JSON Protocol & ID Registry
Rather than using complex nested schemas that are highly prone to hallucination, the engine uses flat maps for each widget, allowing nesting to represent clean hierarchy structure.
// Nested column and text widget layout
{
"namespace": "core:column",
"children": [
{
"namespace": "core:text",
"text": "Do not press the button!"
},
{
"namespace": "core:elevated_button",
"child": {
"namespace": "core:text",
"text": "The button."
}
}
]
}
To resolve prompts overlapping and duplicate entries, built-in and custom widgets are registered with a strict namespacing ID system resembling a Minecraft-like format:
<provider>:name_in_snake_case
All built-in system widgets use the core provider. The Alpha V1 Built-In Widget Registry contains: Text, Button, Column, Row, Container, and Textfield.

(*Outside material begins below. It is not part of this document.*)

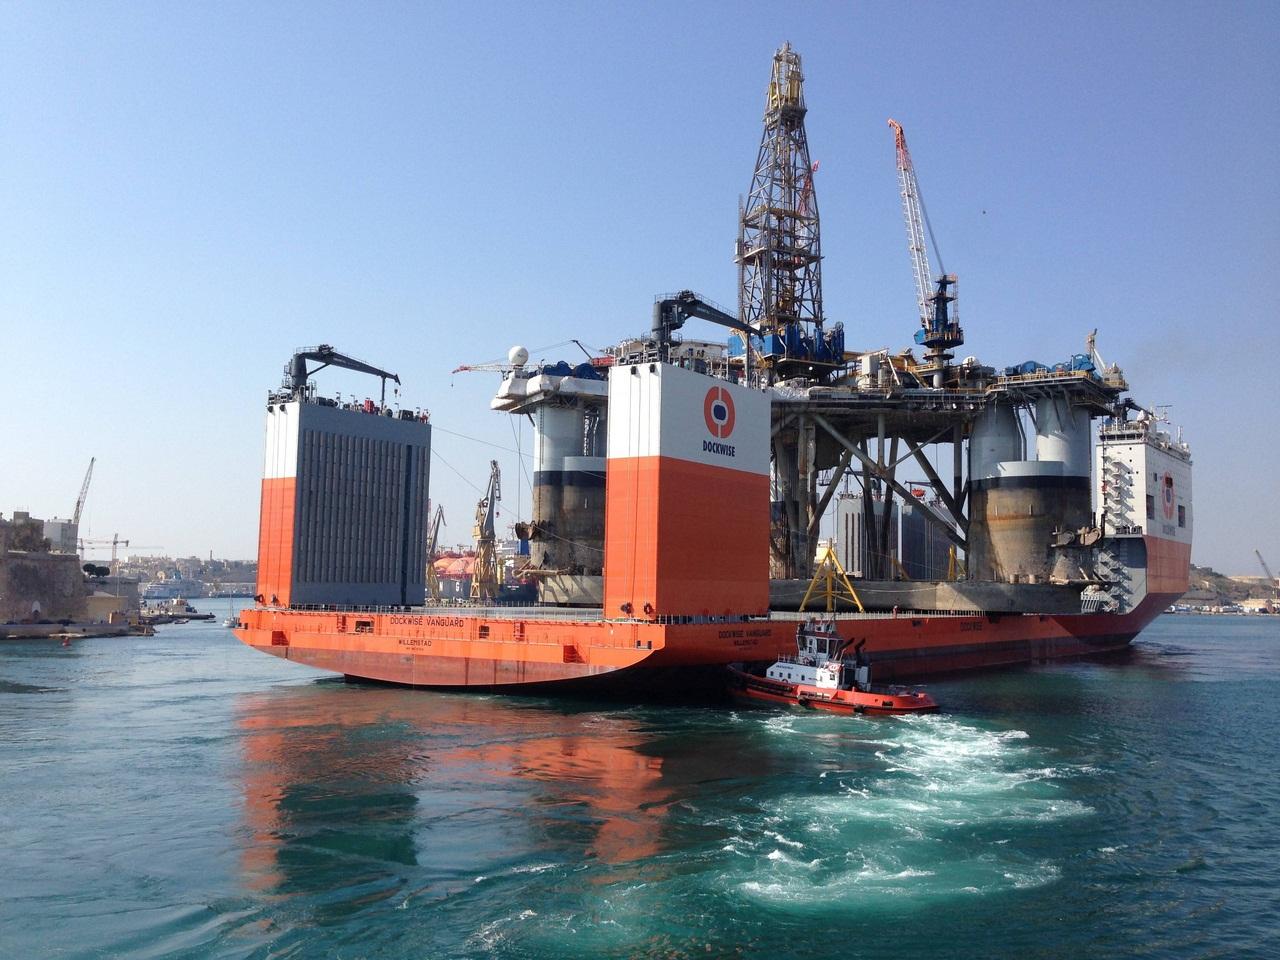 самые большие судна рефрижераторы в мире фото того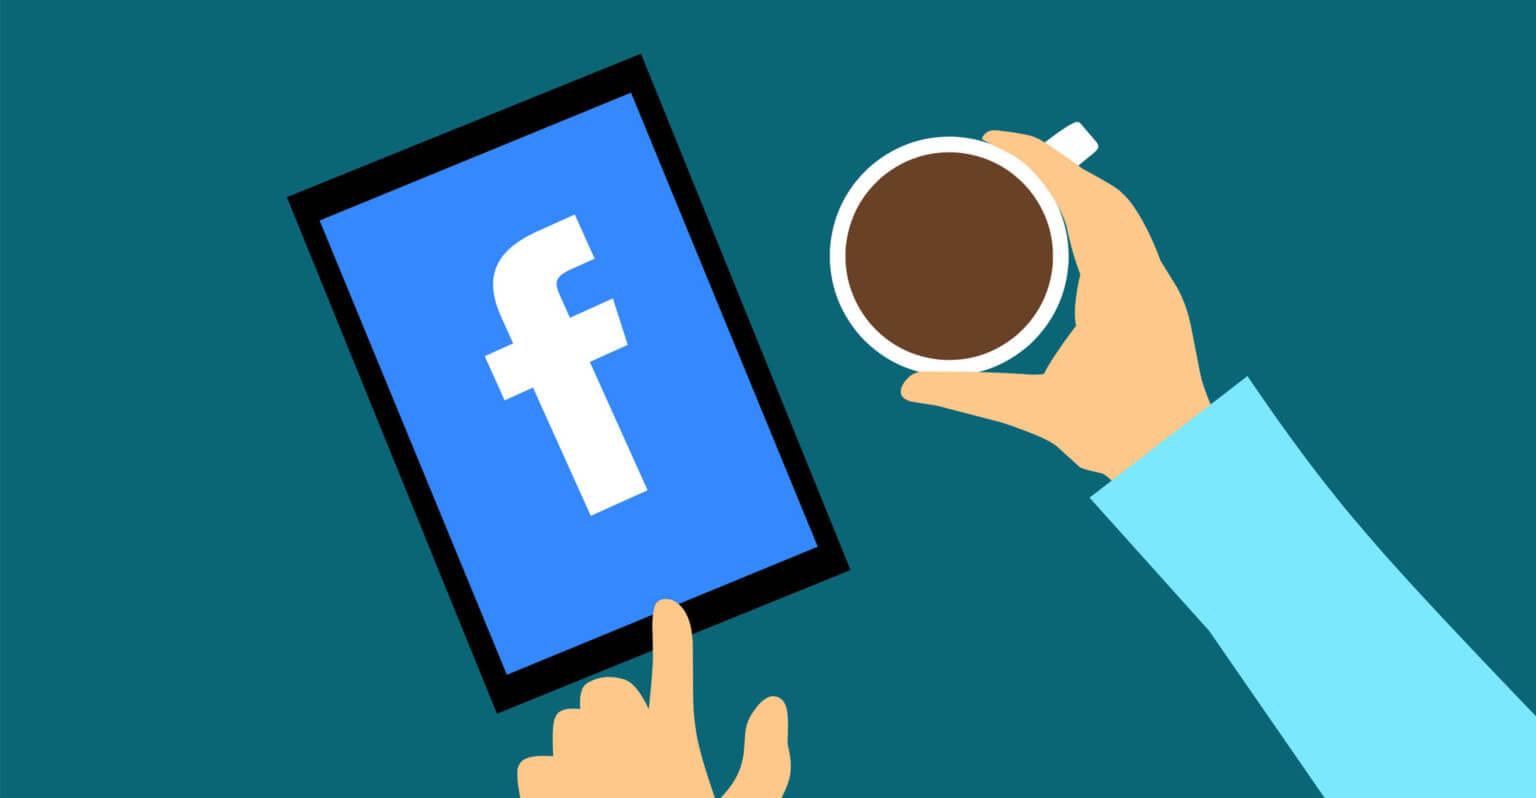 Facebook - Facebook angaria mais de 300 milhões de dólares em campanhas de aniversário

Streaming Generative Architecture
Powered by llm_json_stream, the system rejects static decoding, building widgets progressively token-by-token. This updates the .register() signature to feed property streams:
void register(String namespace, Widget Function(MapPropertyStream mapStream) builder) Hierarchical Prop Passing
Sub-streams are extracted (MapPropertyStream / ListPropertyStream) and passed recursively. Parents immediately mount child layouts, allowing child nodes to update self-reactively on their own streams without blocking layout.
Accumulating String Builder
To eliminate jarring UI jumps or frame drops during parsing, text elements use an accumulating string builder that grows progressively on every raw text token chunk, maintaining perfect conversational context.
Dynamic Action Activation
Form buttons paint greyed out and disabled. The moment the LLM streams the action payload, the callback resolves the future (mapStream.getStringProperty('action').future), activating and transitioning the button dynamically.
Centralized Interactions
Interactions (like form submissions or button clicks) are mapped back to the app layer using a centralized action dispatcher. Developers register active callbacks on the controller to receive real-time updates.